You talk a lot about immediacy in your book. For those who may be unfamiliar with this concept, what does it mean to live with immediacy? How do you do it? And is it possible to combine immediacy with longevity?
Oh, sure. In fact, I think the irony of it is that time slows down when you're practicing immediacy. And when I say immediacy, it's basically my way of saying "living in the moment." It means being hyper-alert and hyper-vigilant to what you're feeling. It's all your sense of touch, taste, smell and so on. I think feeling is your deepest experience of being alive. How do you do that? You first learn to differentiate between thinking and feeling. That was definitely one of the skills I sought to teach my boys when I was scared of my life being taken away from me: learning to notice that voice in your head that is distinct from the feelings you have. The voice in your head typically distracts you from the world of feeling. It works to compete with your deepest experience of being alive. Maybe you're trying to organize and manipulate the next moment instead of allowing it to unfold naturally. Maybe you're labeling the present moment as good or bad. It's just noticing all this chatter in your head. Your natural state should be spacious, alert and peaceful...
You're not gonna make me sound like a crackpot, are you? You gotta tone all this down. This is a lot. [Laughs]

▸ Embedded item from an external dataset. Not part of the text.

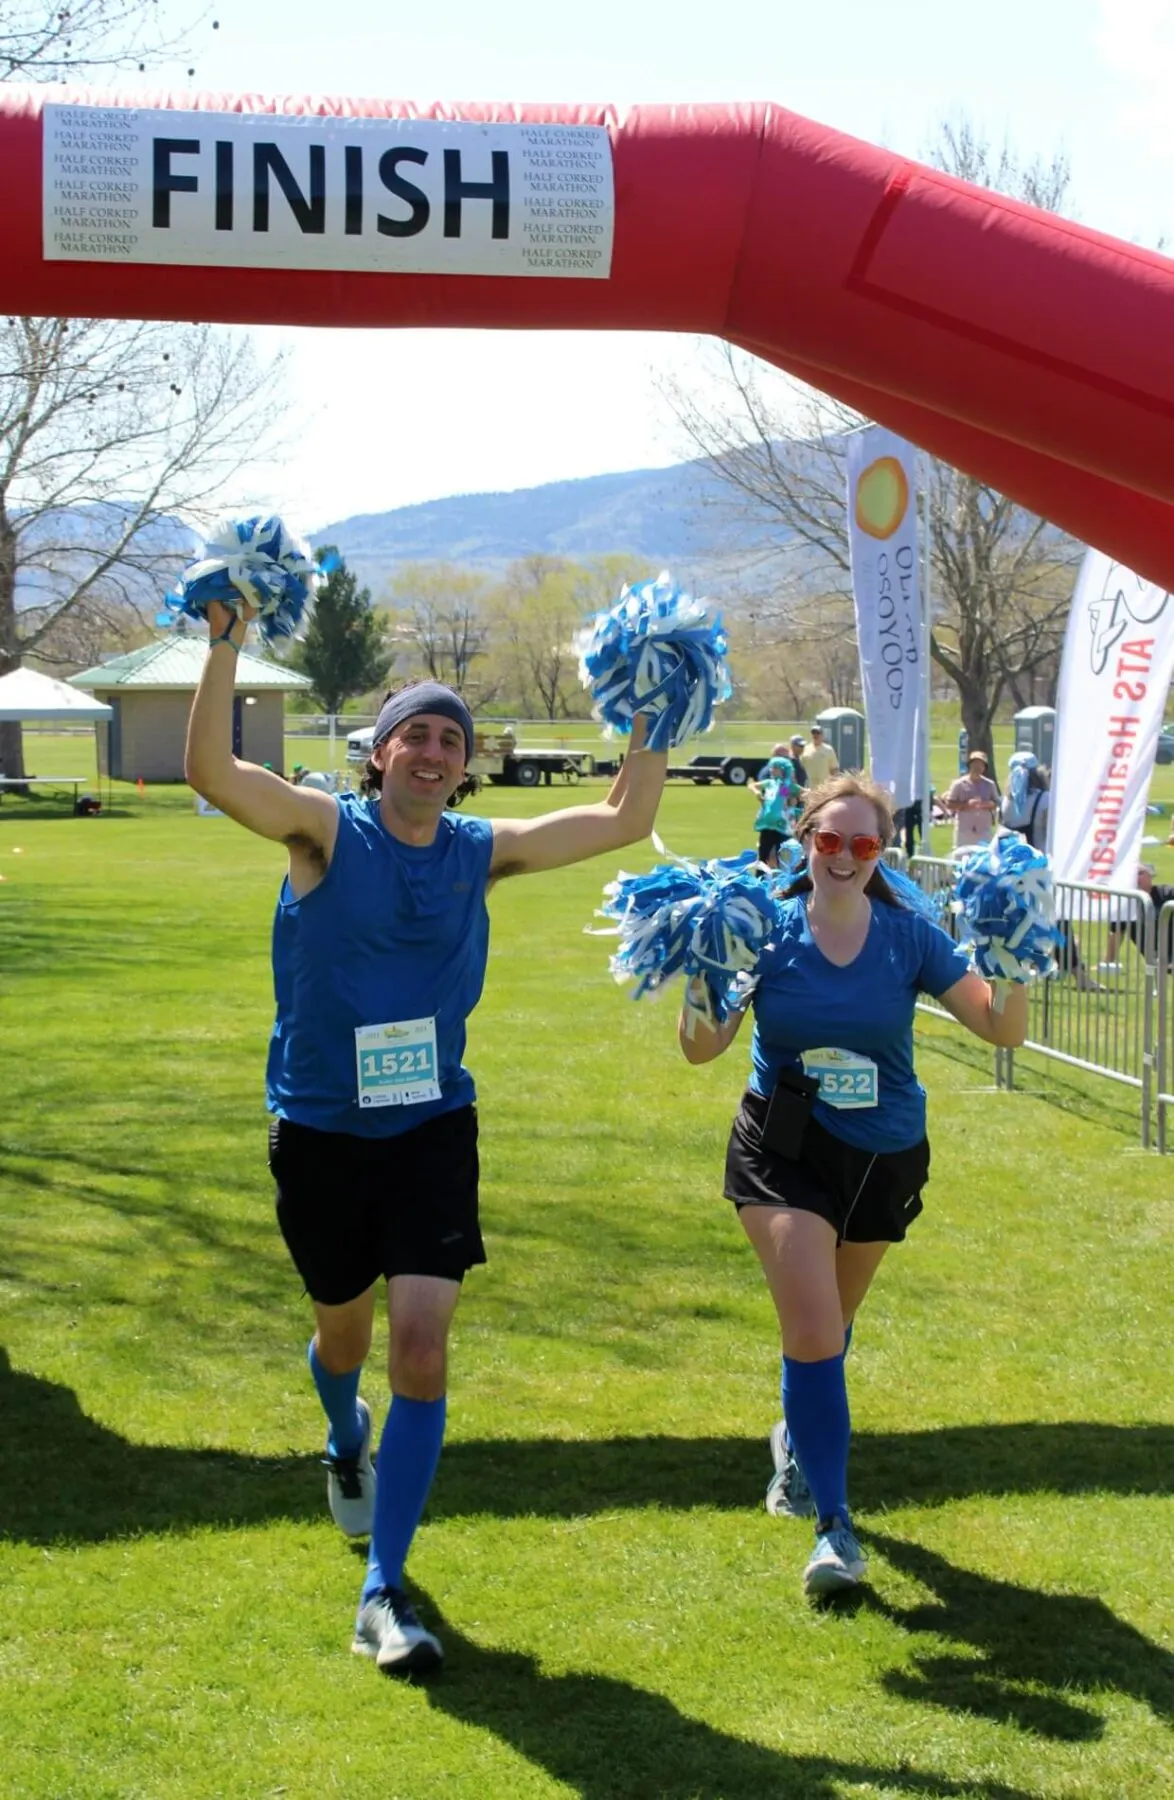 Front view of Gemma and Ricky approaching finish line at Half Corked Marathon, dressed as cheerleaders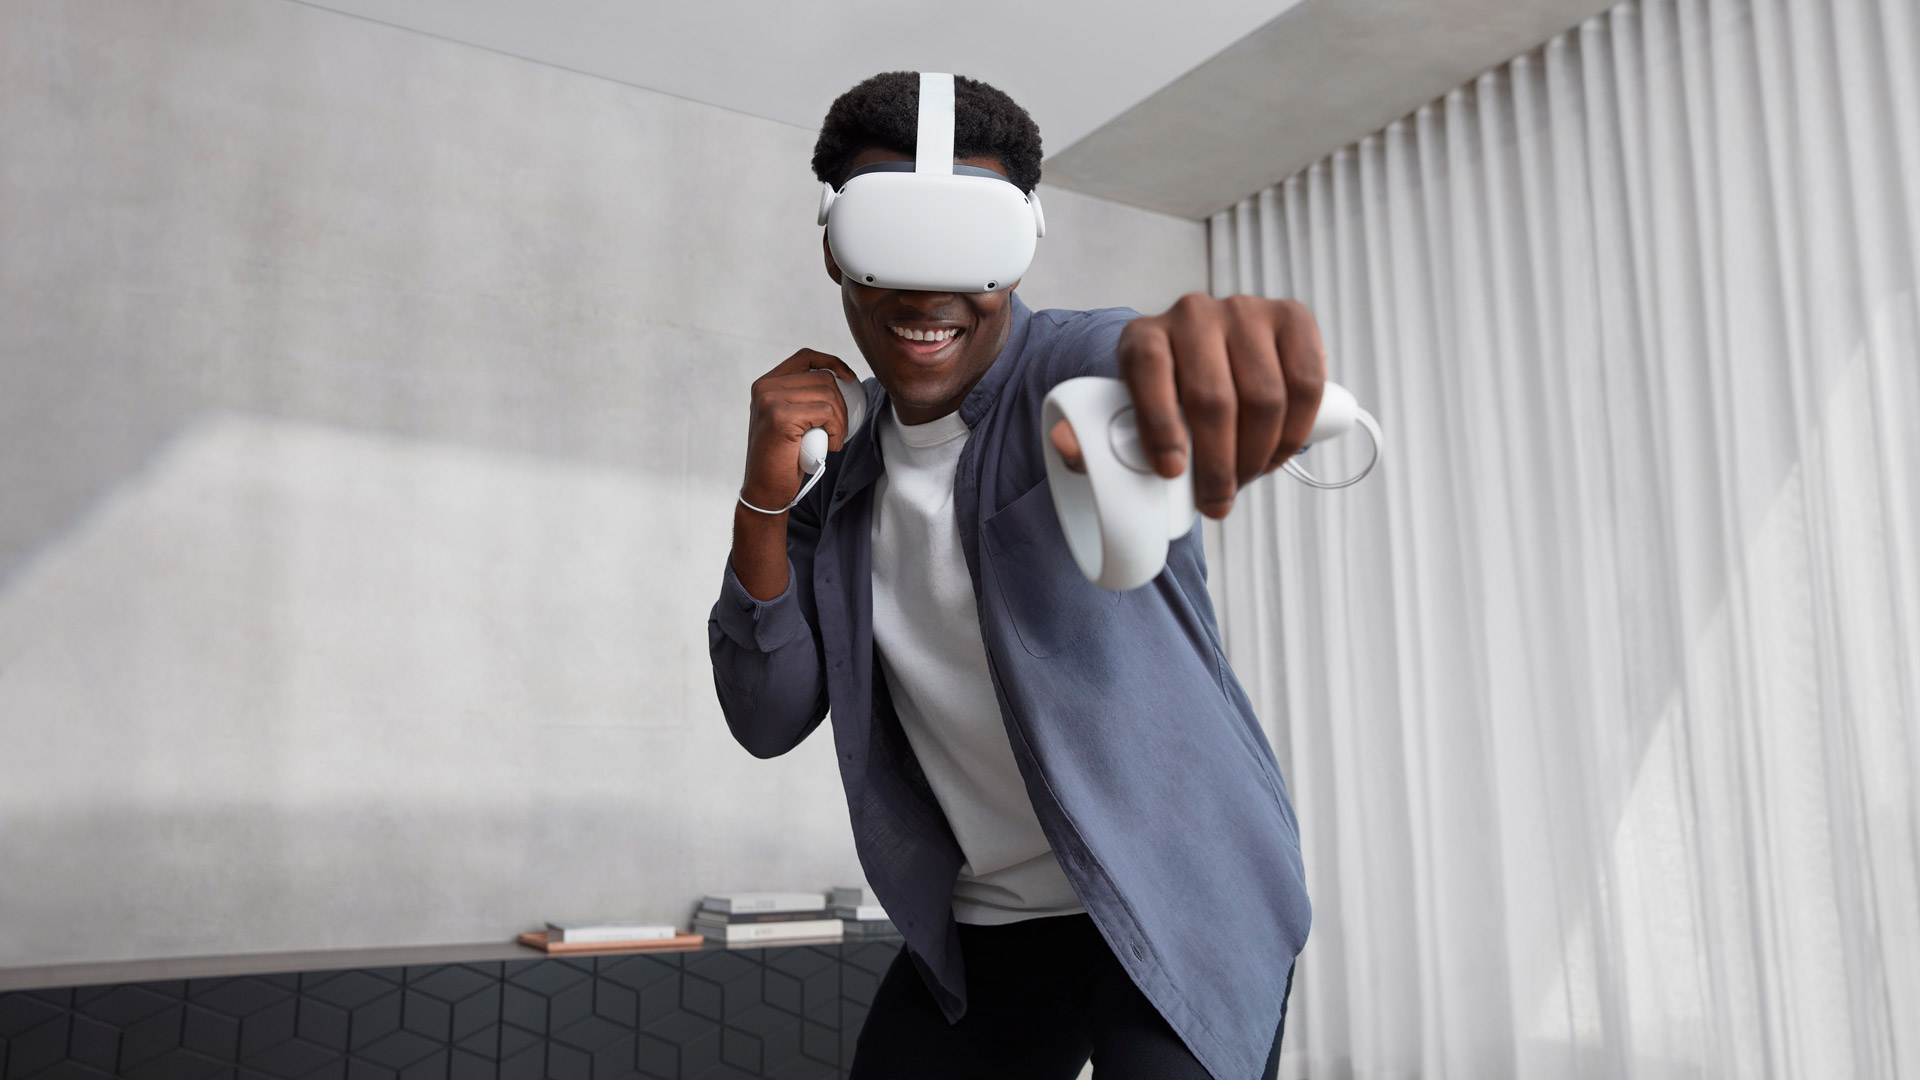 games for the oculus quest 2

In a way your book reminded me of The Prophet by Kahlil Gibran. It's sort of an archive of different philosophies. One that stood out to me, which you just mentioned above, is the constant battle of feeling vs. thinking. Are those mutually exclusive states of being or can you find a healthy balance between the two?

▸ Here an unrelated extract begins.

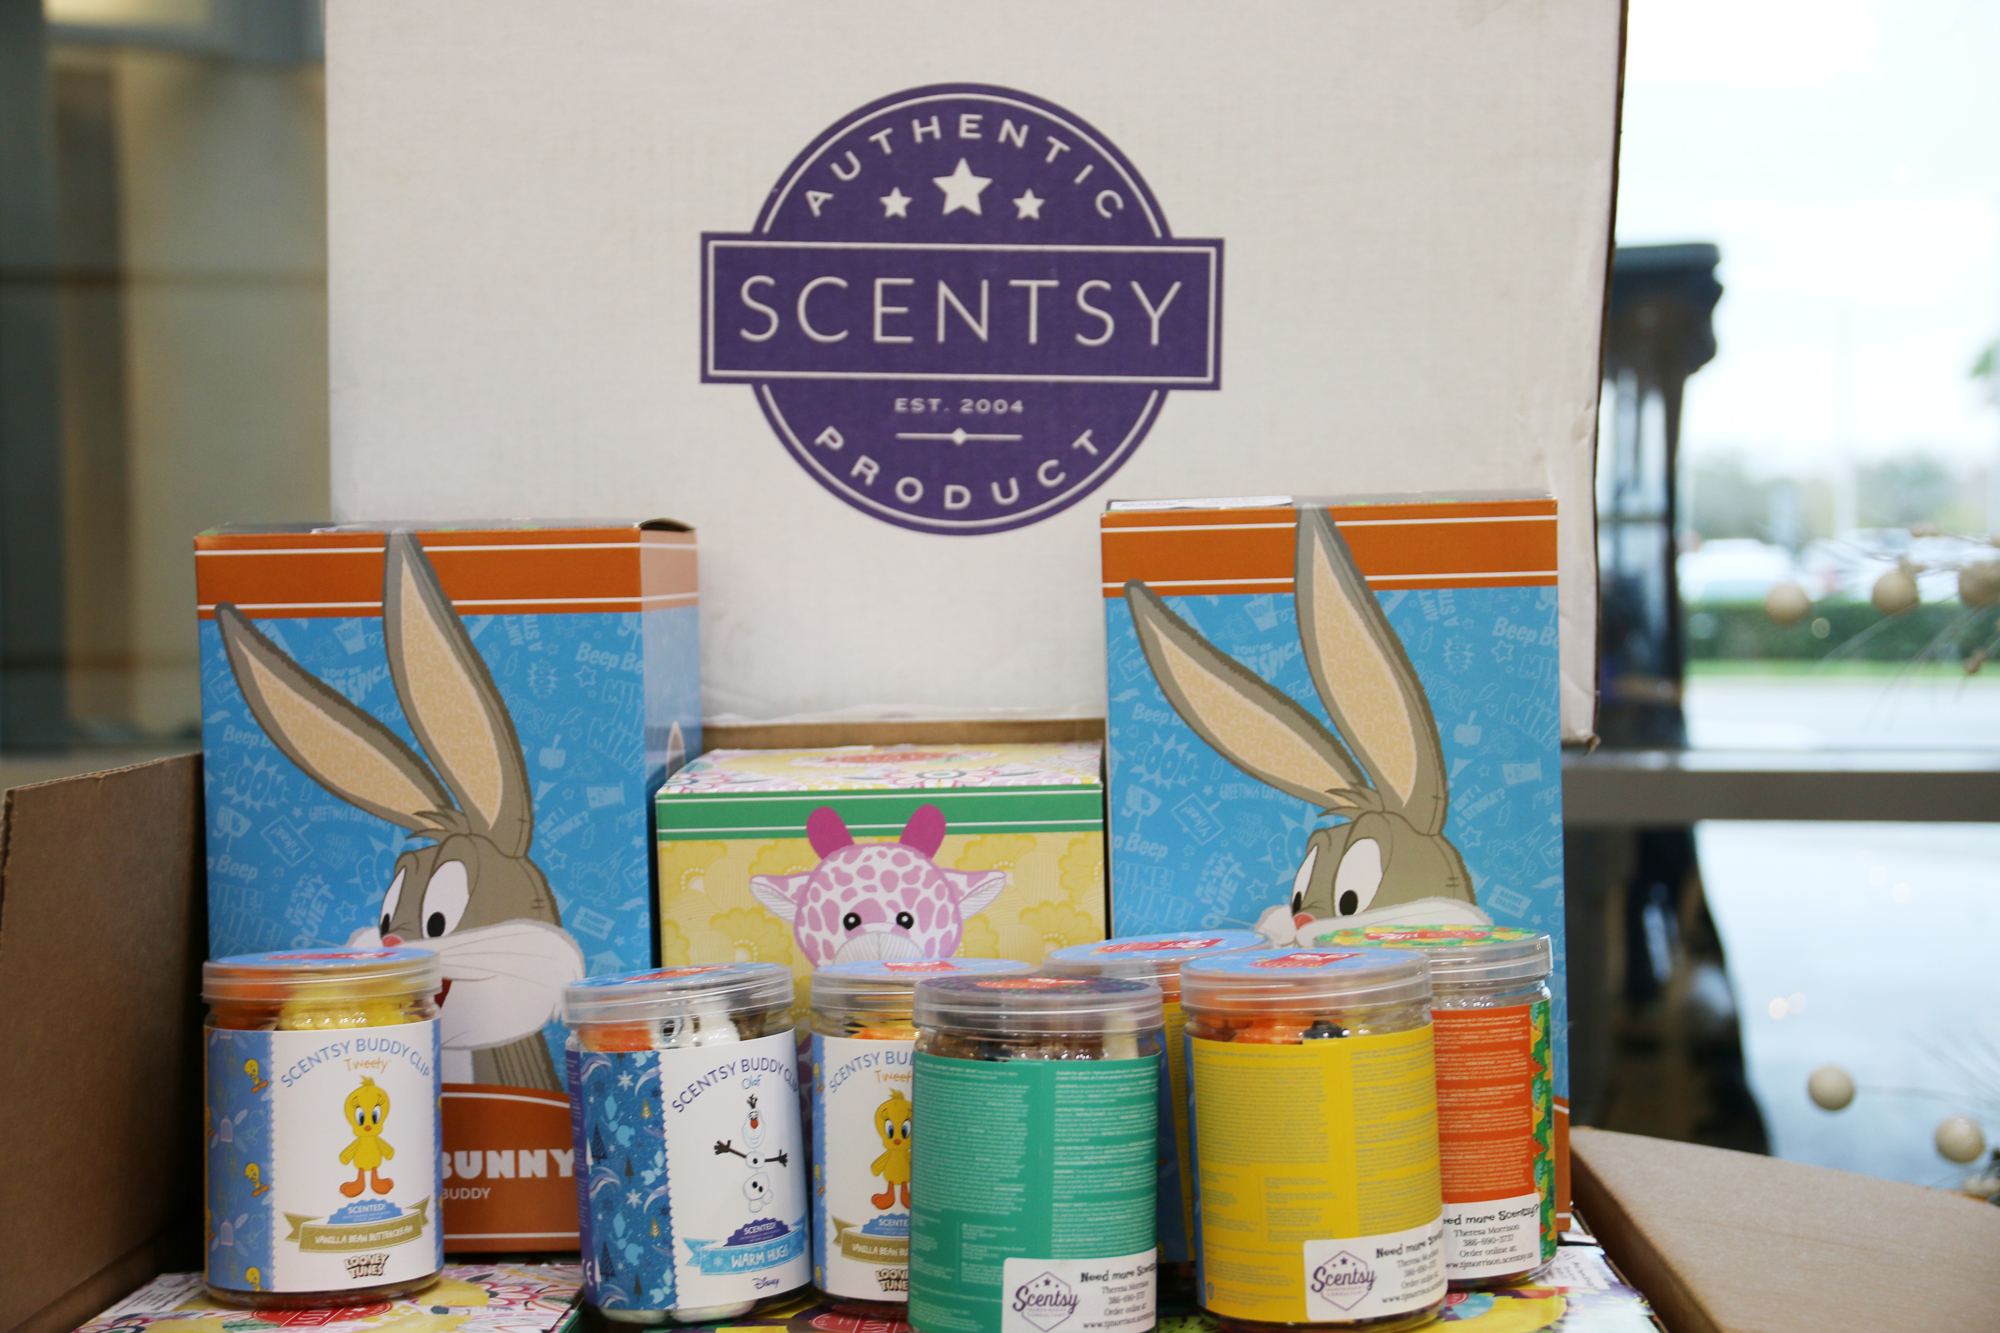 Camila Forester and Theresa Morrison donated about 250 Scentsy Buddies to AdventHealth Daytona Beach on Monday, Dec. 20. Photo by Jarleene Almenass

I think that's what we're all looking for. You just can't let the tail wag the dog. You can't let your thoughts be so habitual that you lose sight of the world of feeling. In a perfect world we'd probably use our brains and our thinking mind 5 percent of the time, just to arrange appointments, be on time and so on. But I suspect we'd be happier if we were more engaged in the world of feeling.
Do you watch Breaking Bad? Can you relate to the main character, Walter White, who also had cancer and was scared for his family and what he'd leave behind? In other words, did your cancer inspire you to write this book in any way?
No, I know I need to watch; I've been hearing about it for years. But I was dealing with cancer about thirteen years ago. It was really the first year or two that it was a major part of my life, day in and day out, in terms of managing the emotional landscape. That's why I weave the story of cancer through the book. I guess what I learned from being sick is to be on fire with gratitude. If you talk to a cancer survivor, they've had their ticket punched. They've looked into that big, deep, dark abyss where there's just no going back. It's humbling. But it comes and goes over the years. When I got sick thirteen years ago, I still had a sense of the possibility of seeing Jackson, my eldest son, graduate from high school. He was entering first grade at that time. And I just remember thinking, "Wow, twelve years down the road -- if only." Having this come to pass, I guess in a way it was a huge motivator because I knew it was now time to totally bear witness to my gratitude. The whole cancer backdrop was strong motivation for me to get it done this year as a tribute to seeing this day come and watching my kid graduate from high school.